Instructions to follow. Copy word for word the line containing "A stamped impression" together with all lines following it to the end of the listing below, without the pictures.

Exercise data.
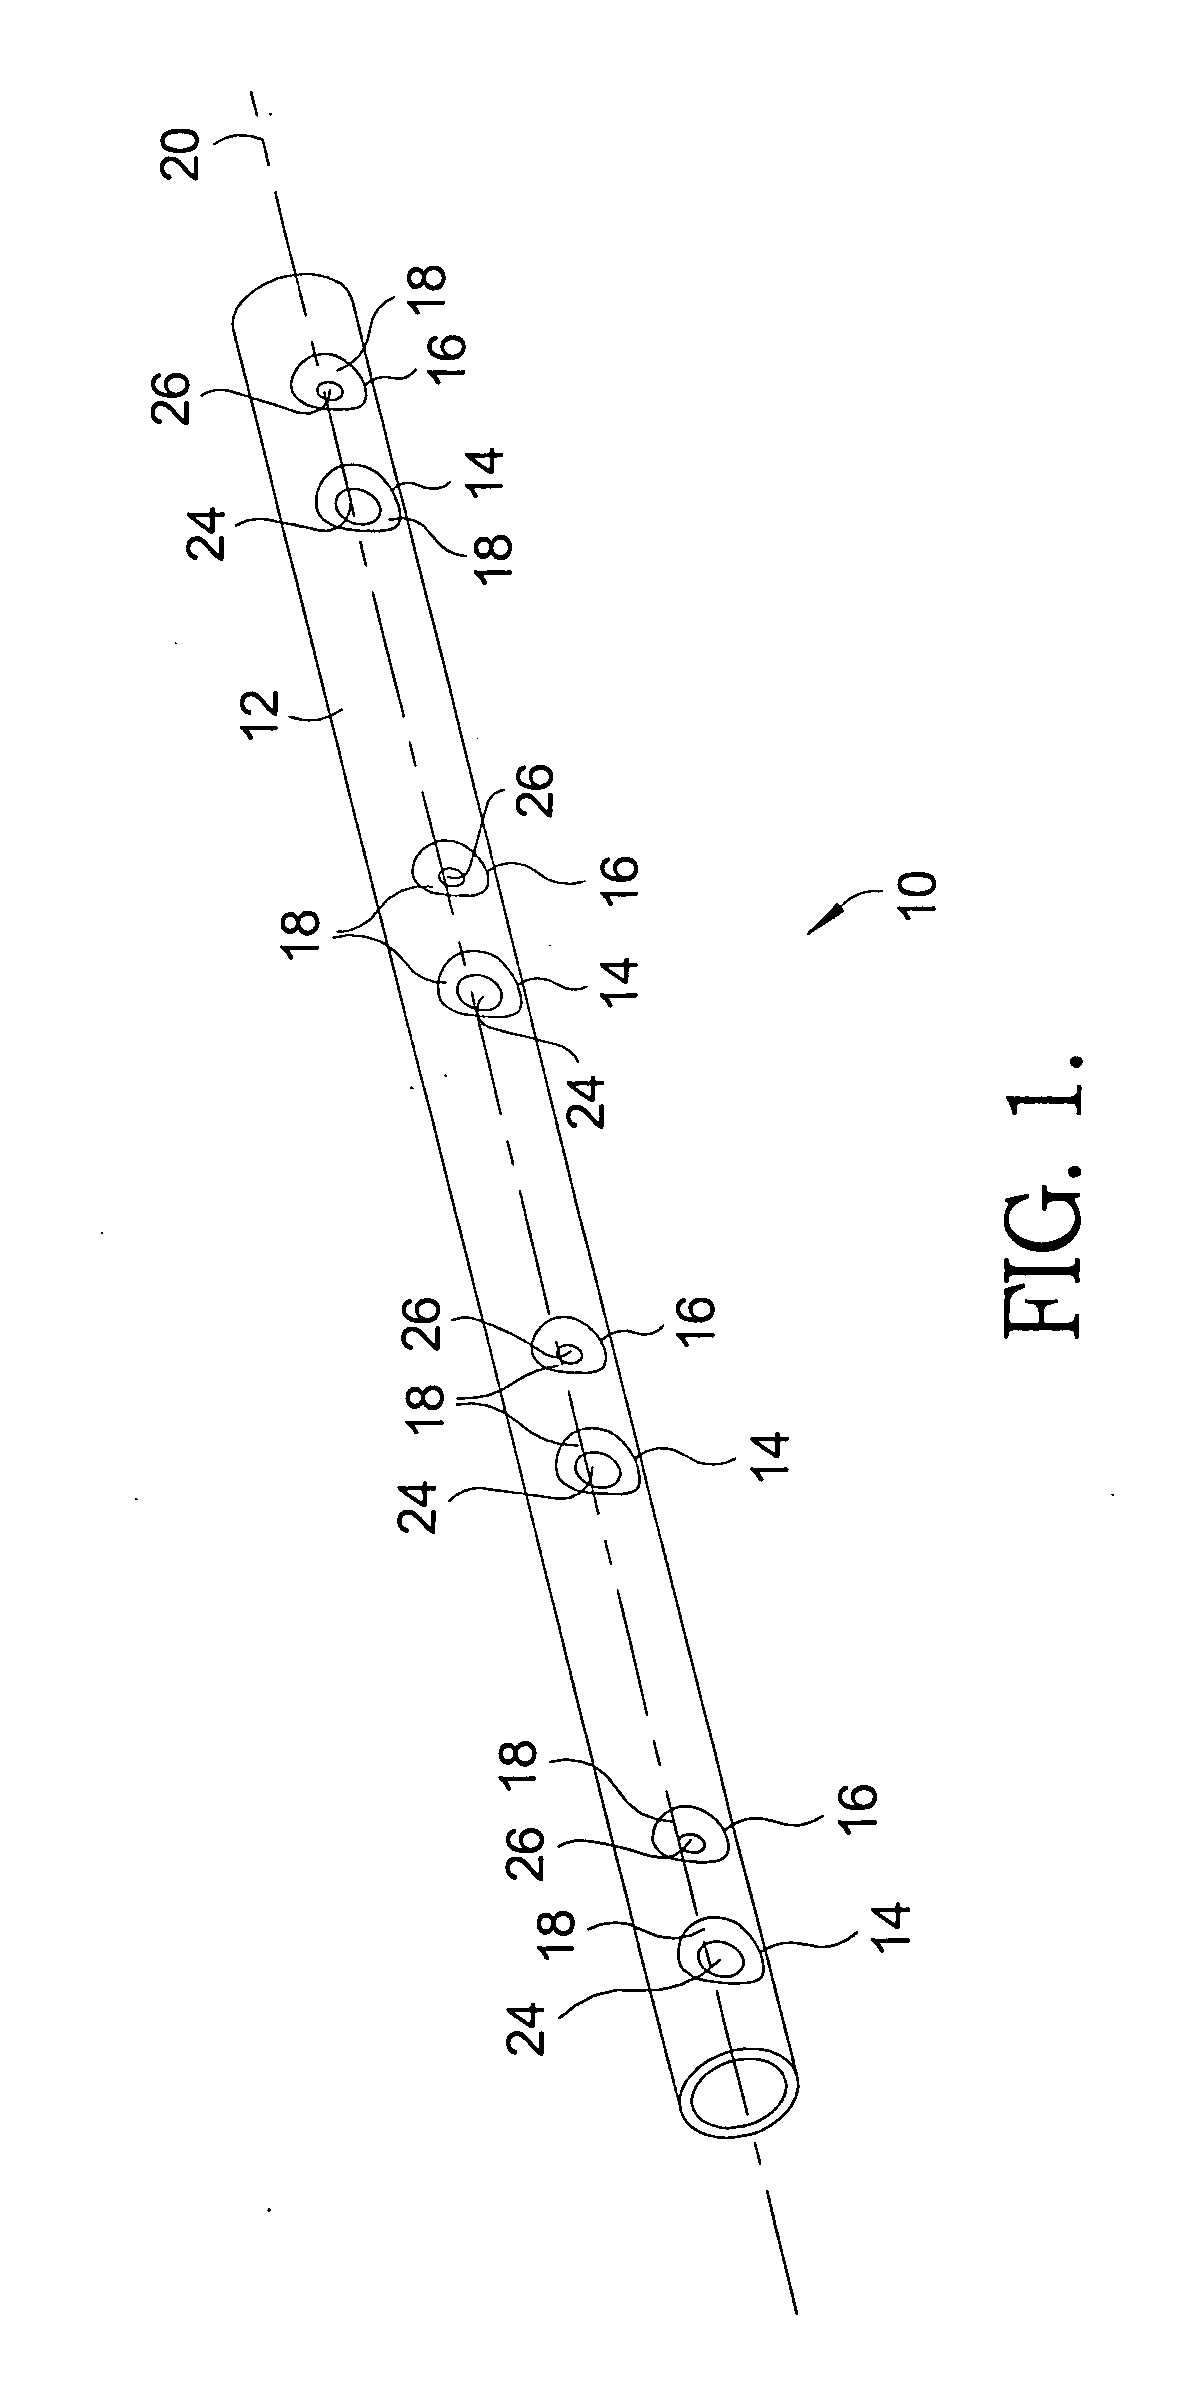 Fuel distribution tube for direct injection fuel rail assemblies
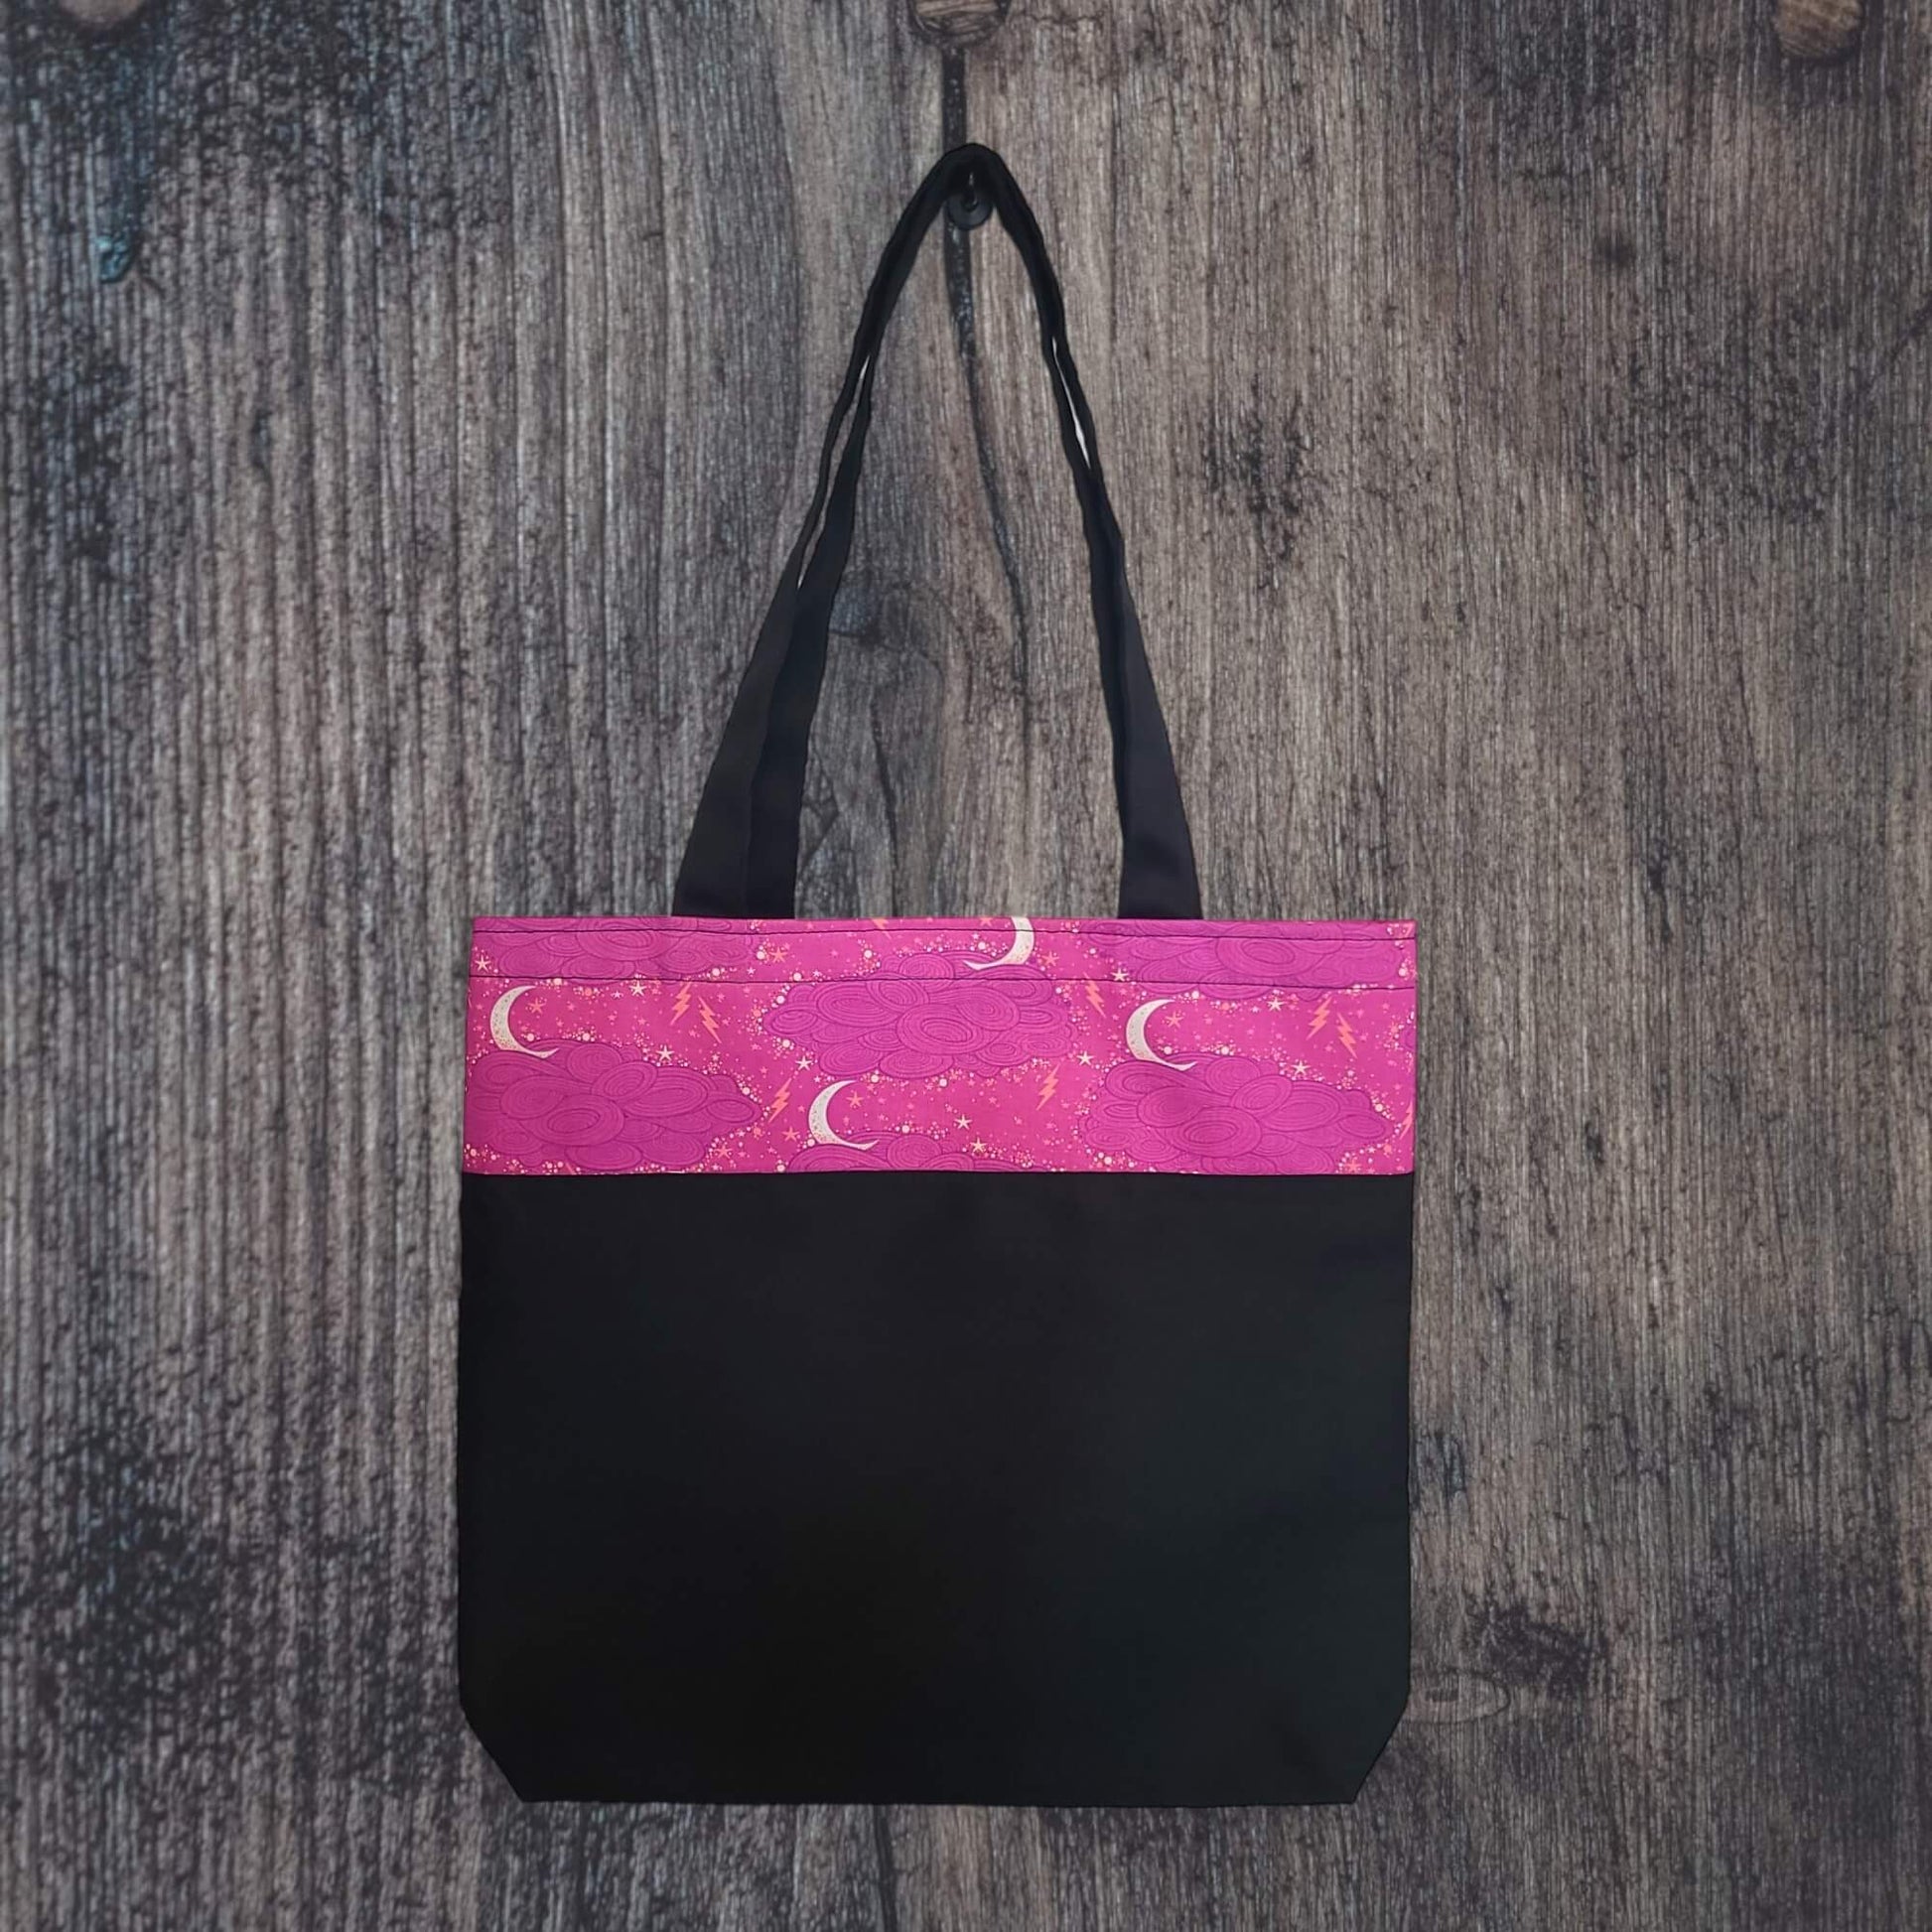 our accent tote bag featuring our Pink Moonlight pattern.
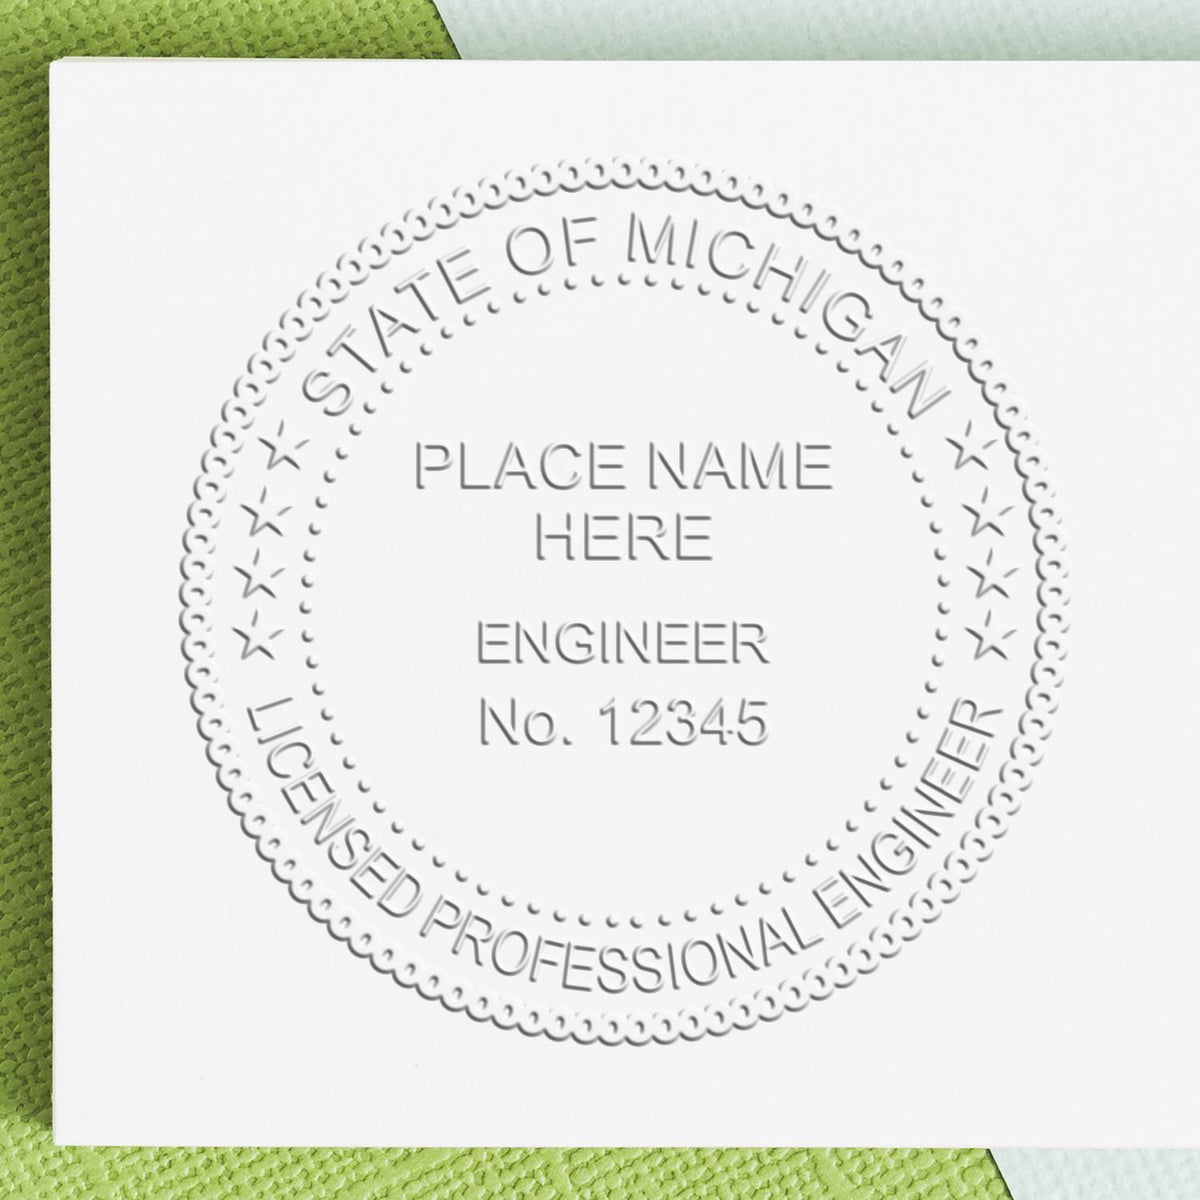 A stamped impression of the Michigan Engineer Desk Seal in this stylish lifestyle photo, setting the tone for a unique and personalized product.
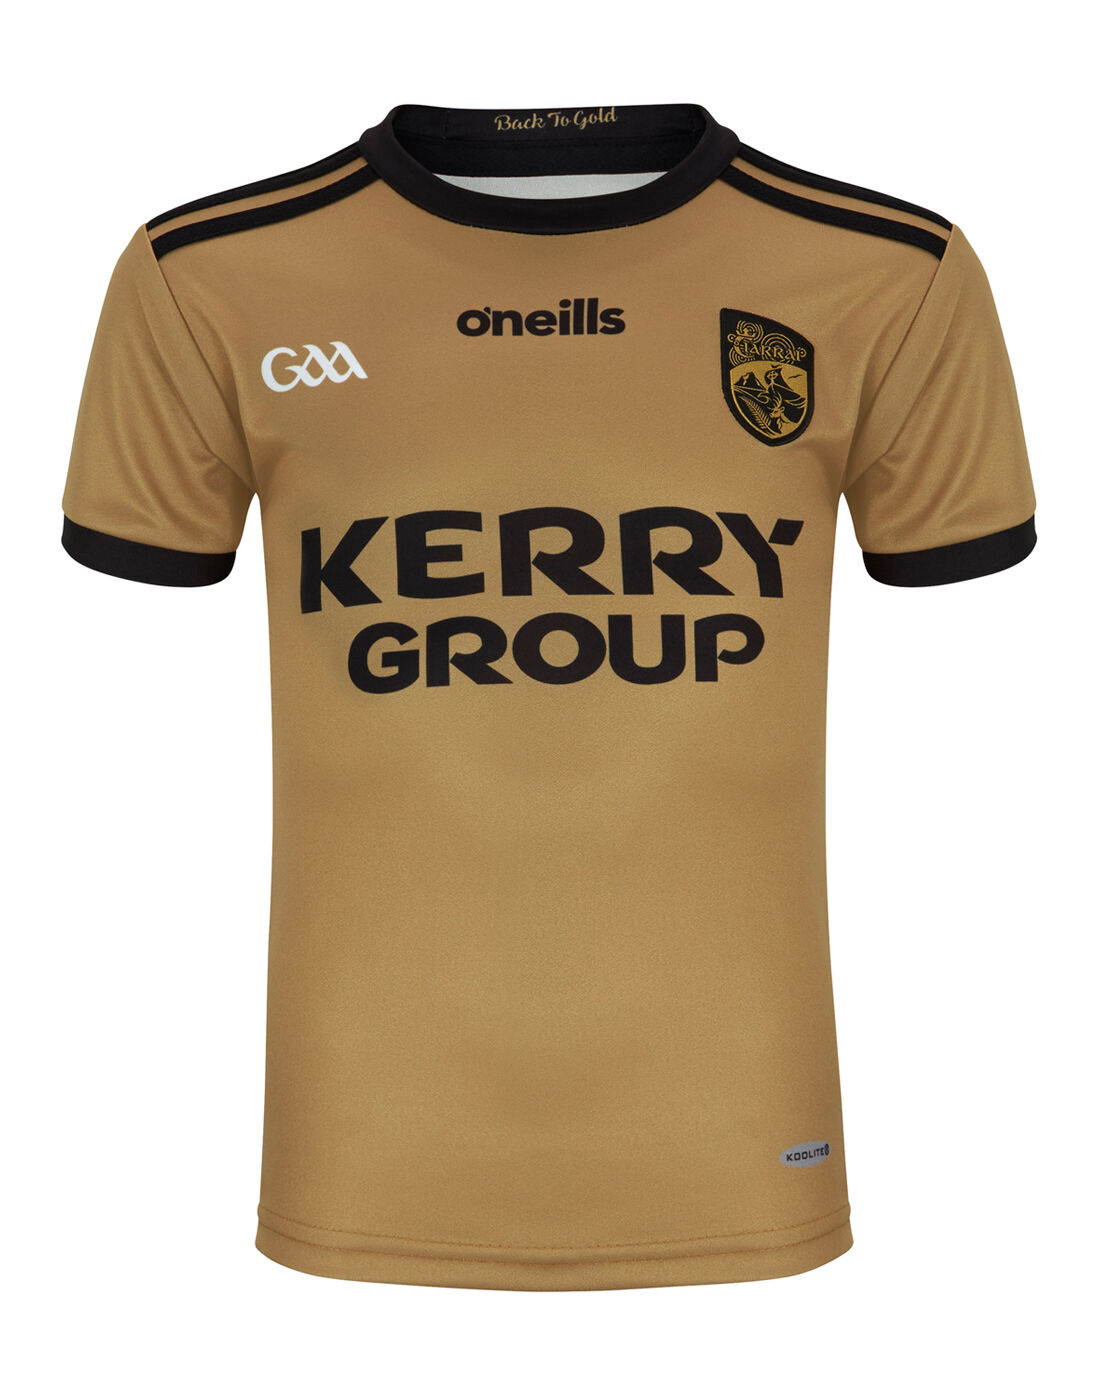 new kerry jersey 2019

Solved problem.
 A stamped impression of the Michigan Engineer Desk Seal in this stylish lifestyle photo, setting the tone for a unique and personalized product.
 new kerry jersey 2019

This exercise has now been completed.